*About this exercise*
A verbatim copy of the full data, with no pictures, is the expected answer.

*Data section*
━━━━
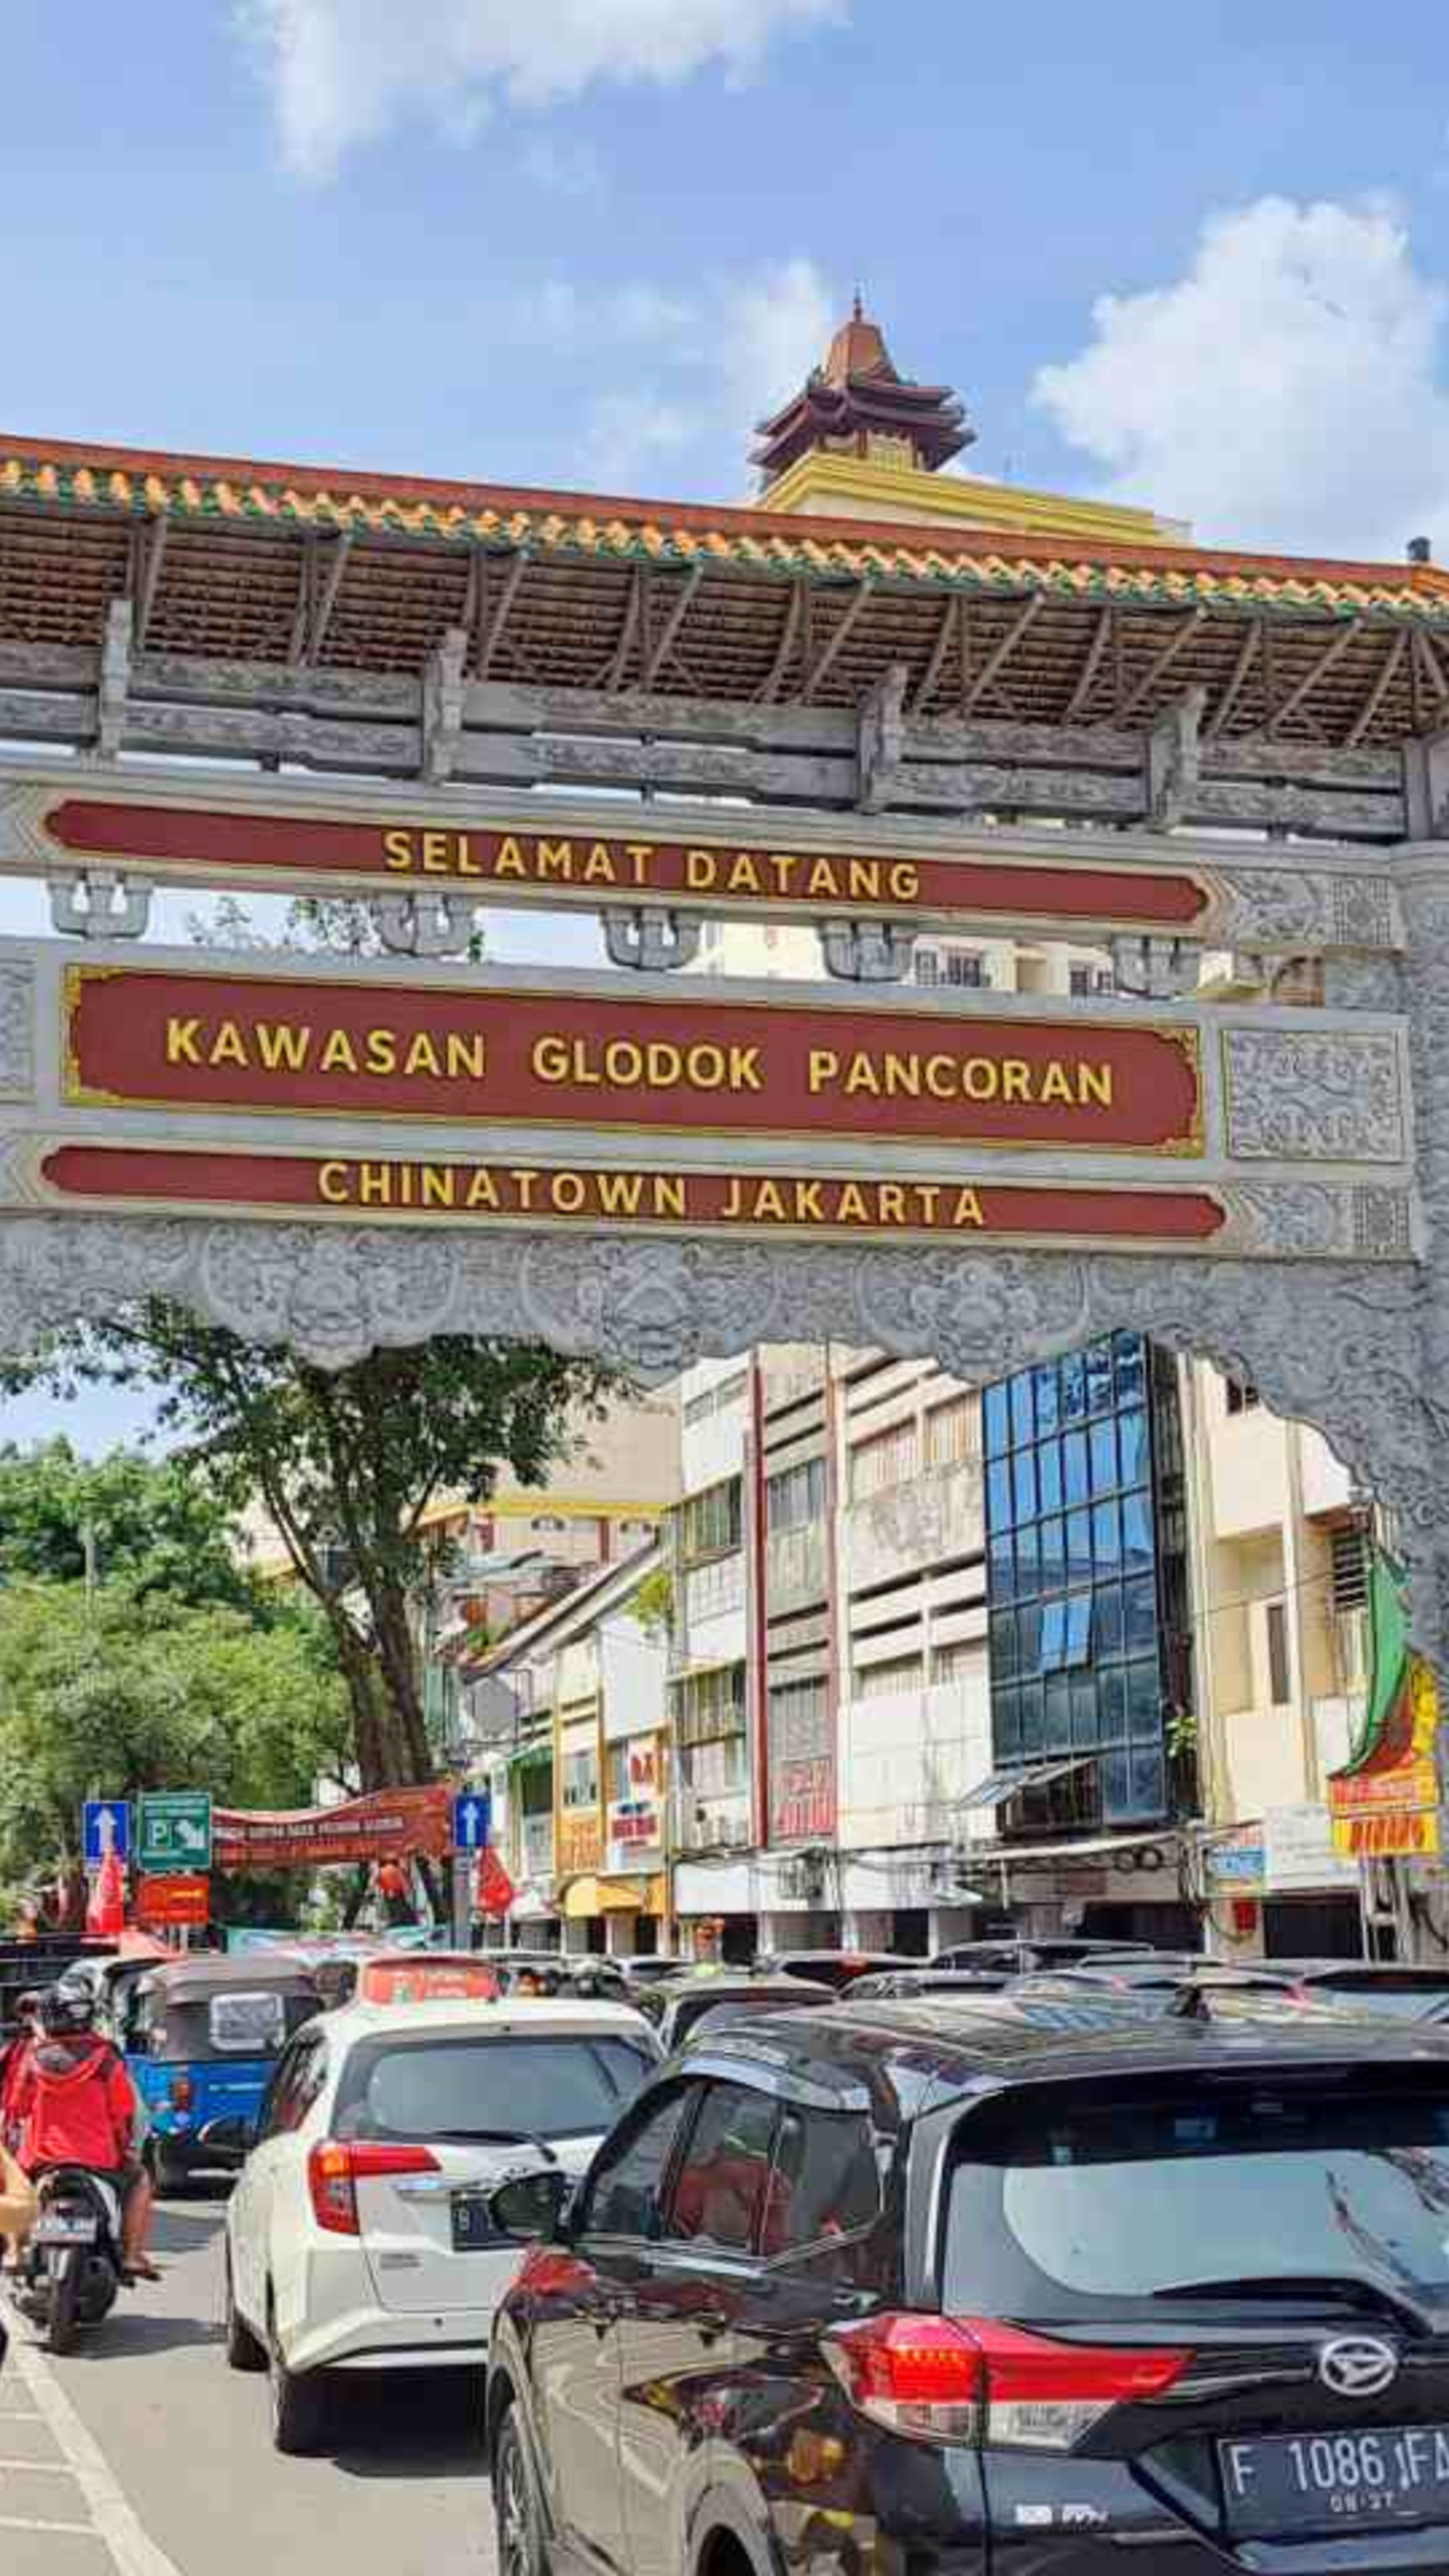 Une porte ornementée accueille les visiteurs à Glodok, le quartier chinois animé de Jakarta, sous un ciel ensoleillé.
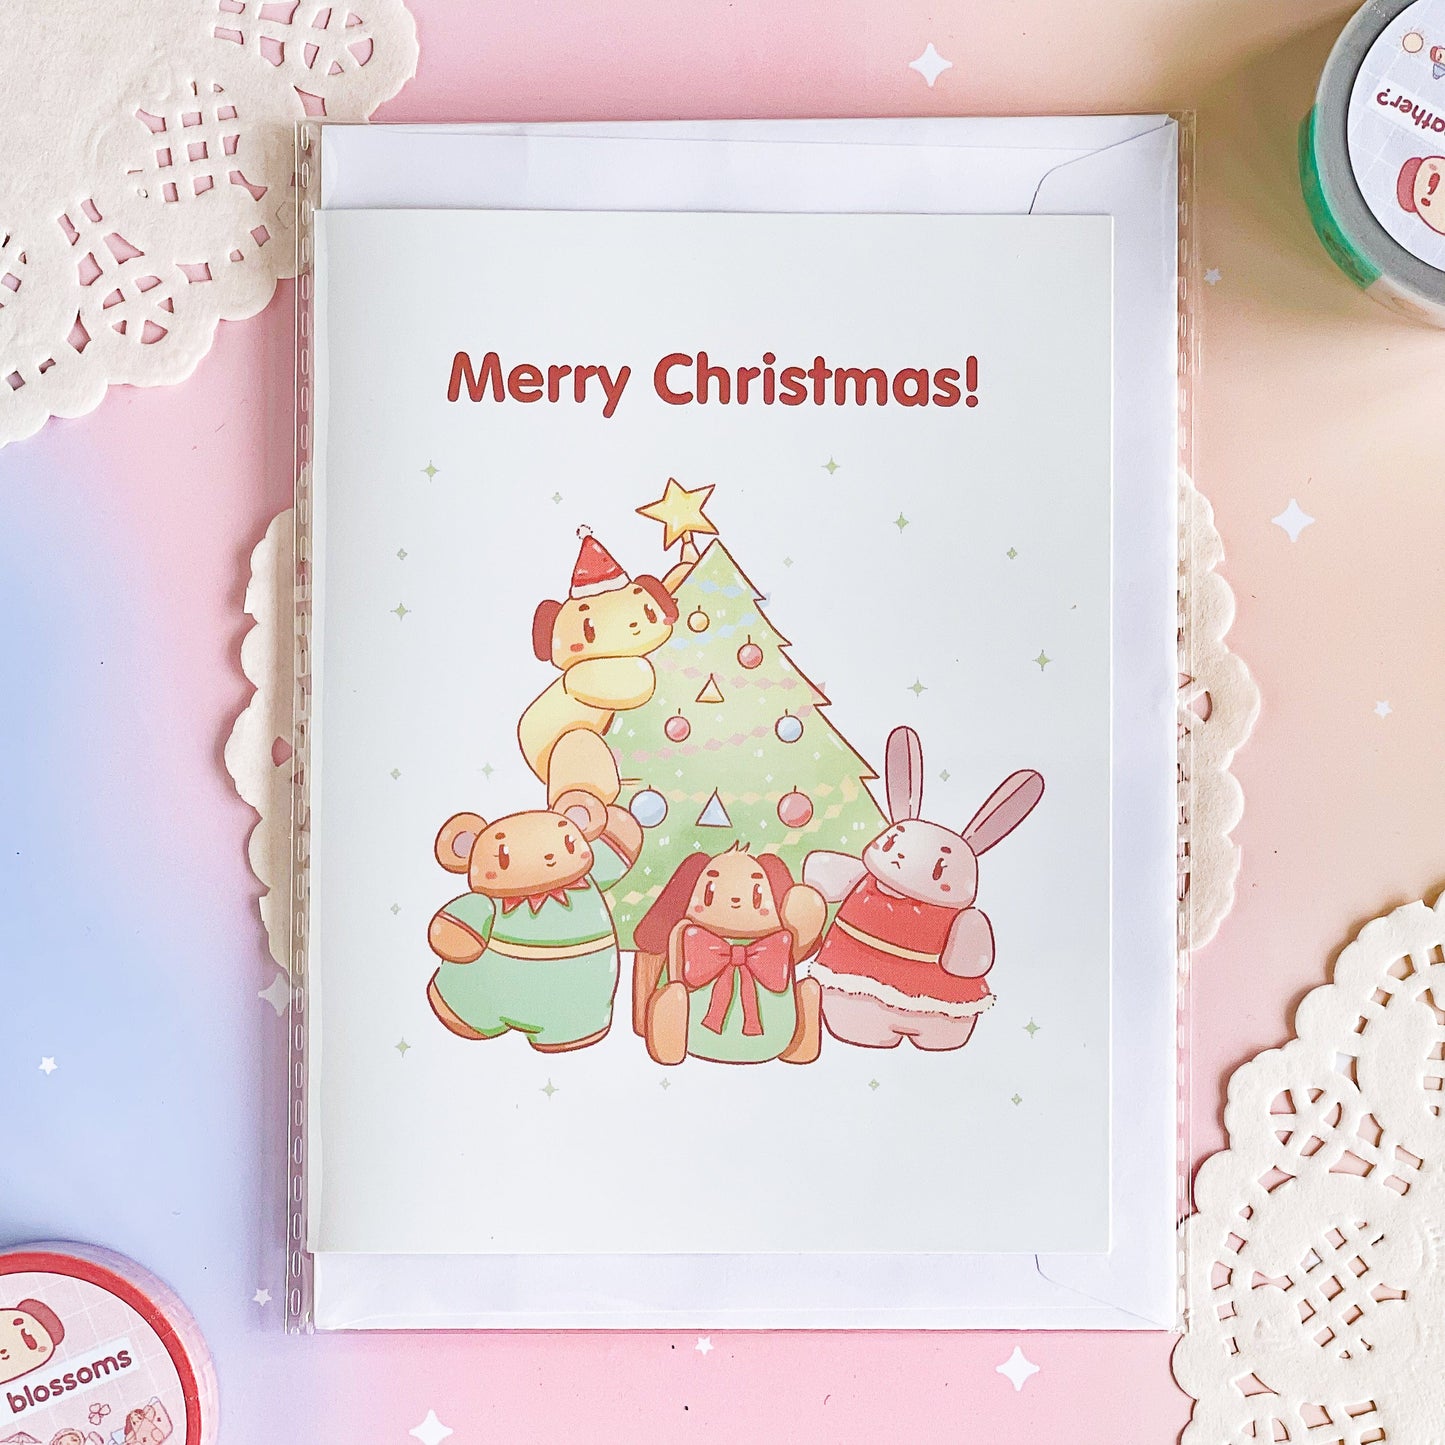 Merry Christmas (Christmas Greeting Card)
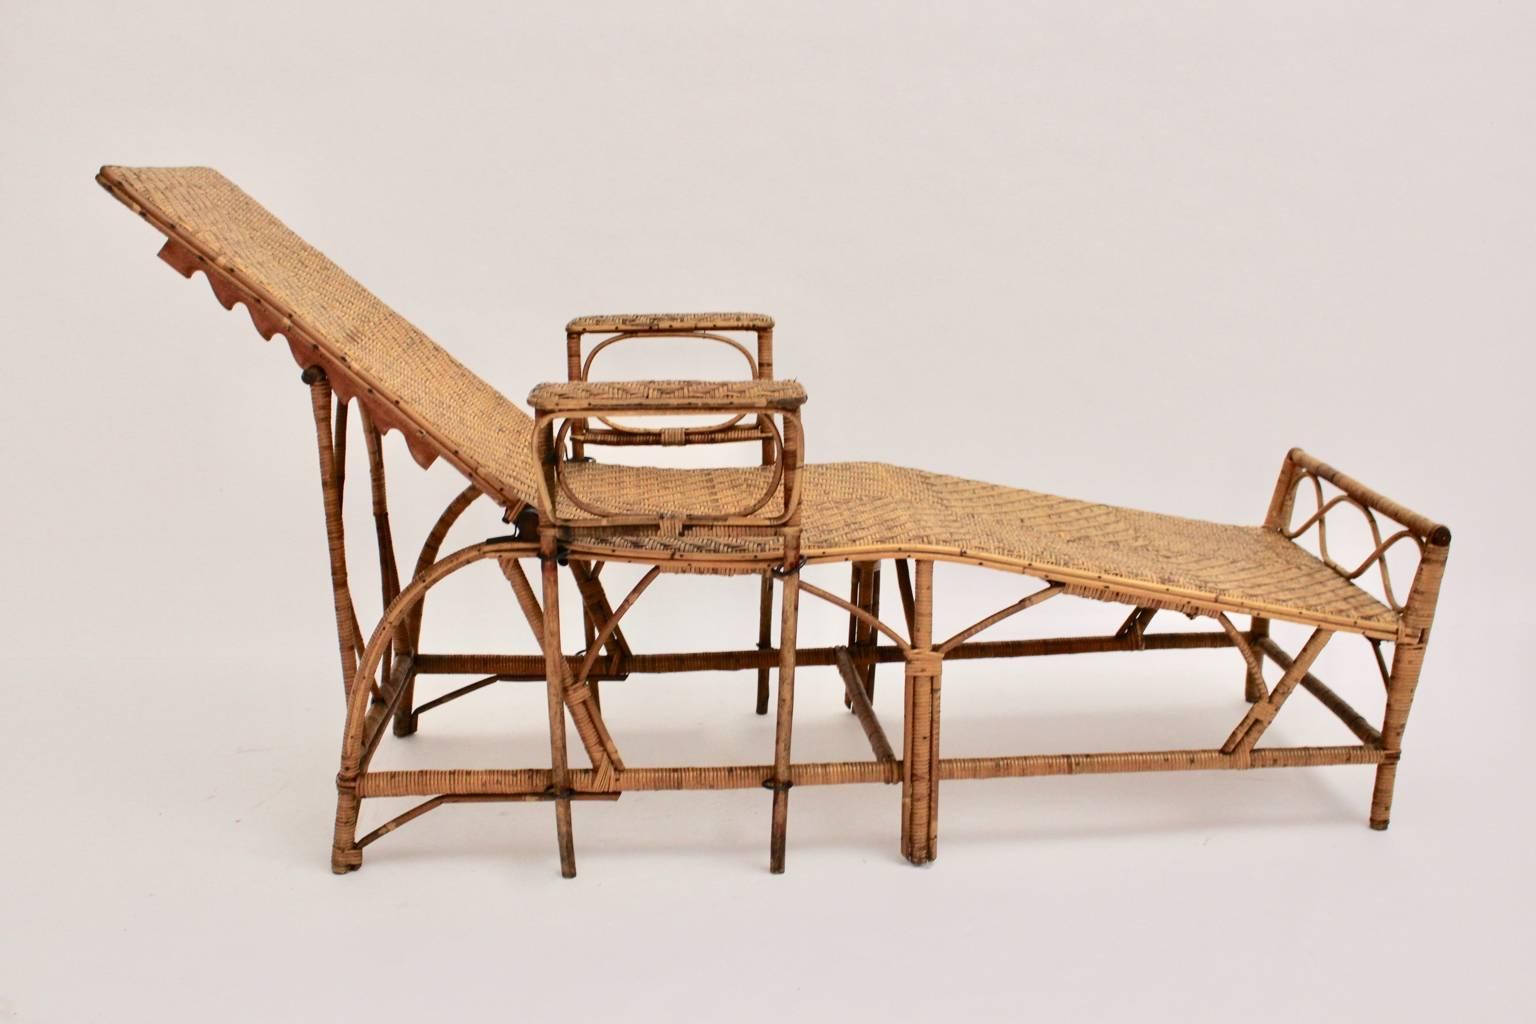 Chaise longue ou lit de jour vintage Art Deco en rotin, qui a été créé par Perret & Vibert attribué, France, années 1920.

Cette chaise longue rare et élégante dispose d'un dossier réglable (de 152 cm à 192 cm) et d'une hauteur réglable de 70 cm à
━━━━
*Solution*
 Une porte ornementée accueille les visiteurs à Glodok, le quartier chinois animé de Jakarta, sous un ciel ensoleillé.
 Merry Christmas (Christmas Greeting Card)
 Chaise longue ou lit de jour vintage Art Deco en rotin, qui a été créé par Perret & Vibert attribué, France, années 1920.

Cette chaise longue rare et élégante dispose d'un dossier réglable (de 152 cm à 192 cm) et d'une hauteur réglable de 70 cm à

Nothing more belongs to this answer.